Nous présentons notre nouvelle méthode d'apprentissage profond multi-tâches pour la segmentation d'images médicales. Les méthodes multi-tâches existantes exigent des annotations de vérité terrain pour les tâches principales et auxiliaires. Contrairement à ces approches, nous proposons de générer des pseudo-étiquettes pour la tâche auxiliaire de manière non supervisée. Pour générer ces pseudo-étiquettes, nous utilisons l'Histogramme des Gradients Orientés (HOGs), l'une des caractéristiques manuellement conçues les plus largement utilisées et puissantes pour la détection. En combinant les masques de segmentation sémantique de vérité terrain pour la tâche principale et les pseudo-étiquettes pour la tâche auxiliaire, nous apprenons les paramètres du réseau profond afin de minimiser conjointement la perte des deux tâches. Nous avons appliqué notre méthode sur deux réseaux de segmentation sémantique puissants et largement utilisés : UNet et U2Net, dans un cadre multi-tâches.

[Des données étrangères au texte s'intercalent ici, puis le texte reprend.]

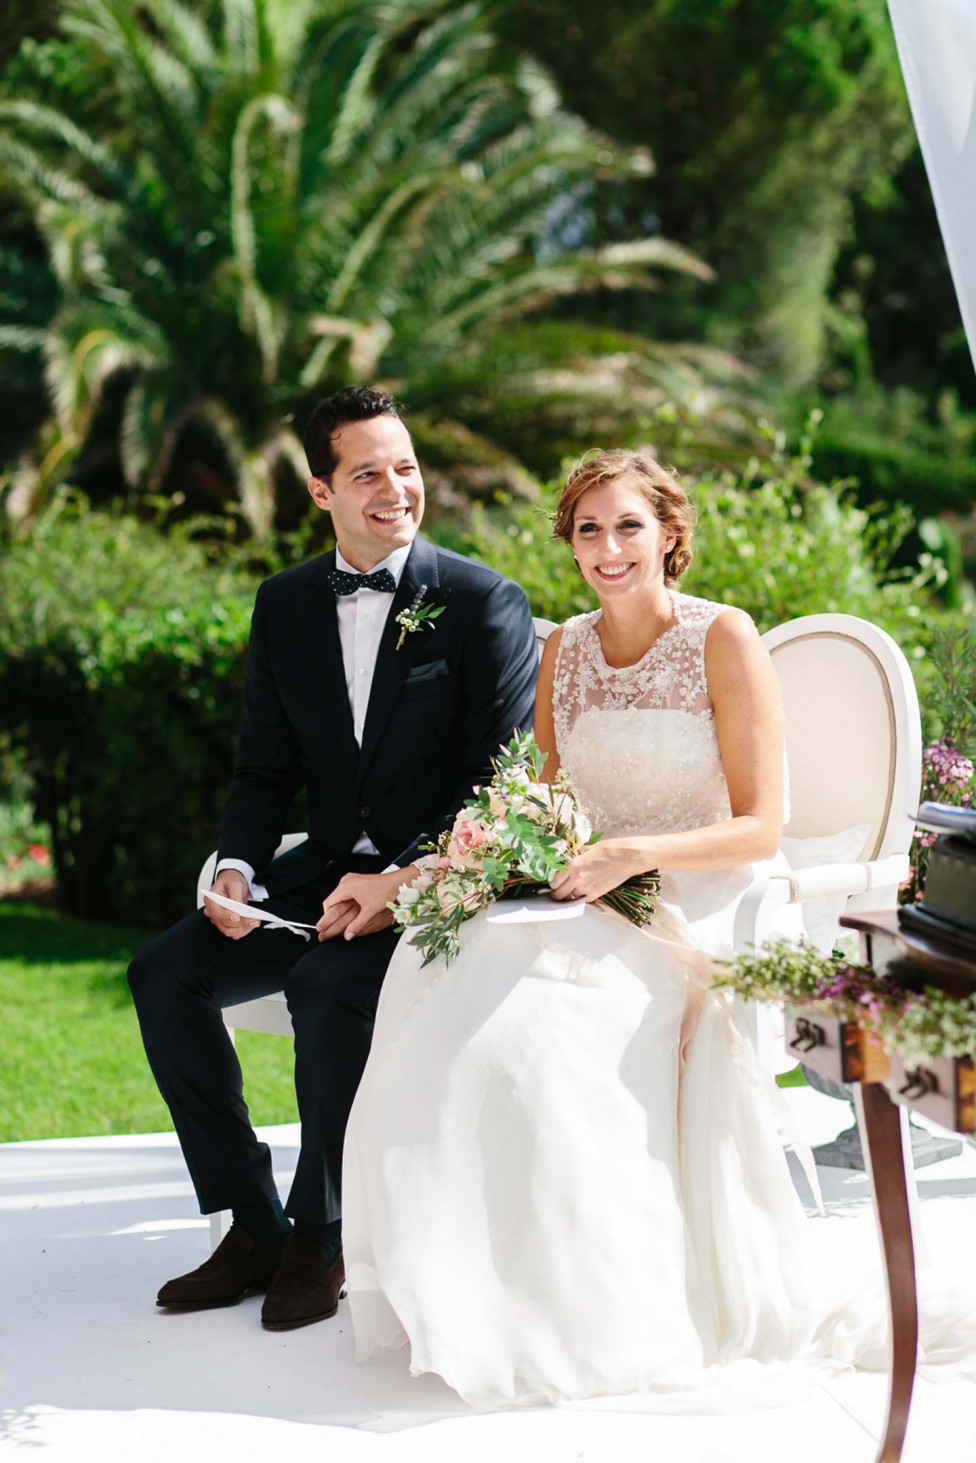 Hochzeitswahn - Braut und Bräutigam sitzen während ihrer Hochzeitszeremonie nebeneinander im Freien und lächeln. Die Braut hält einen Strauß zartrosa Blumen und beide sind elegant in Abendgarderobe gekleidet. Im Hintergrund ist üppiges Grün zu sehen.
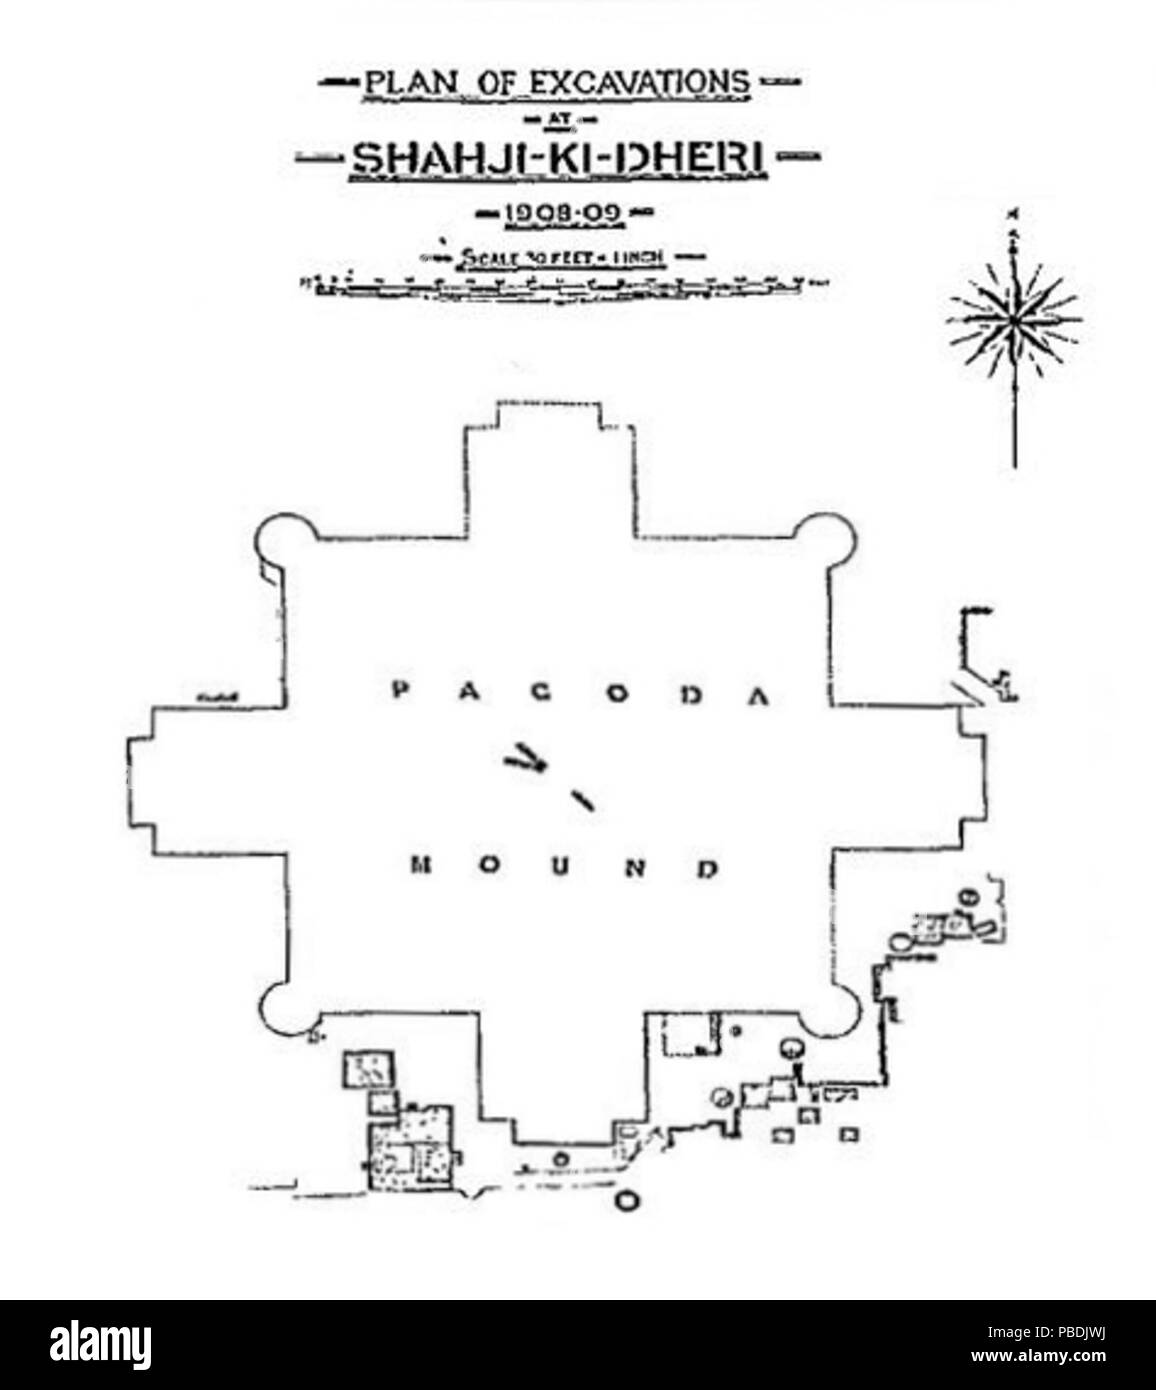 1311 Shah-ji-ki-Dheri stupa plan Foto Stock

Pour valider notre hypothèse, nous avons mené des expériences sur deux ensembles de données différents de segmentation d'images médicales. À partir des résultats quantitatifs et qualitatifs exhaustifs, nous constatons que notre méthode améliore constamment les performances par rapport à la méthode équivalente. De plus, notre méthode a remporté le sous-défi FetReg Endovis sur la Segmentation Sémantique organisé en conjonction avec MICCAI 2021.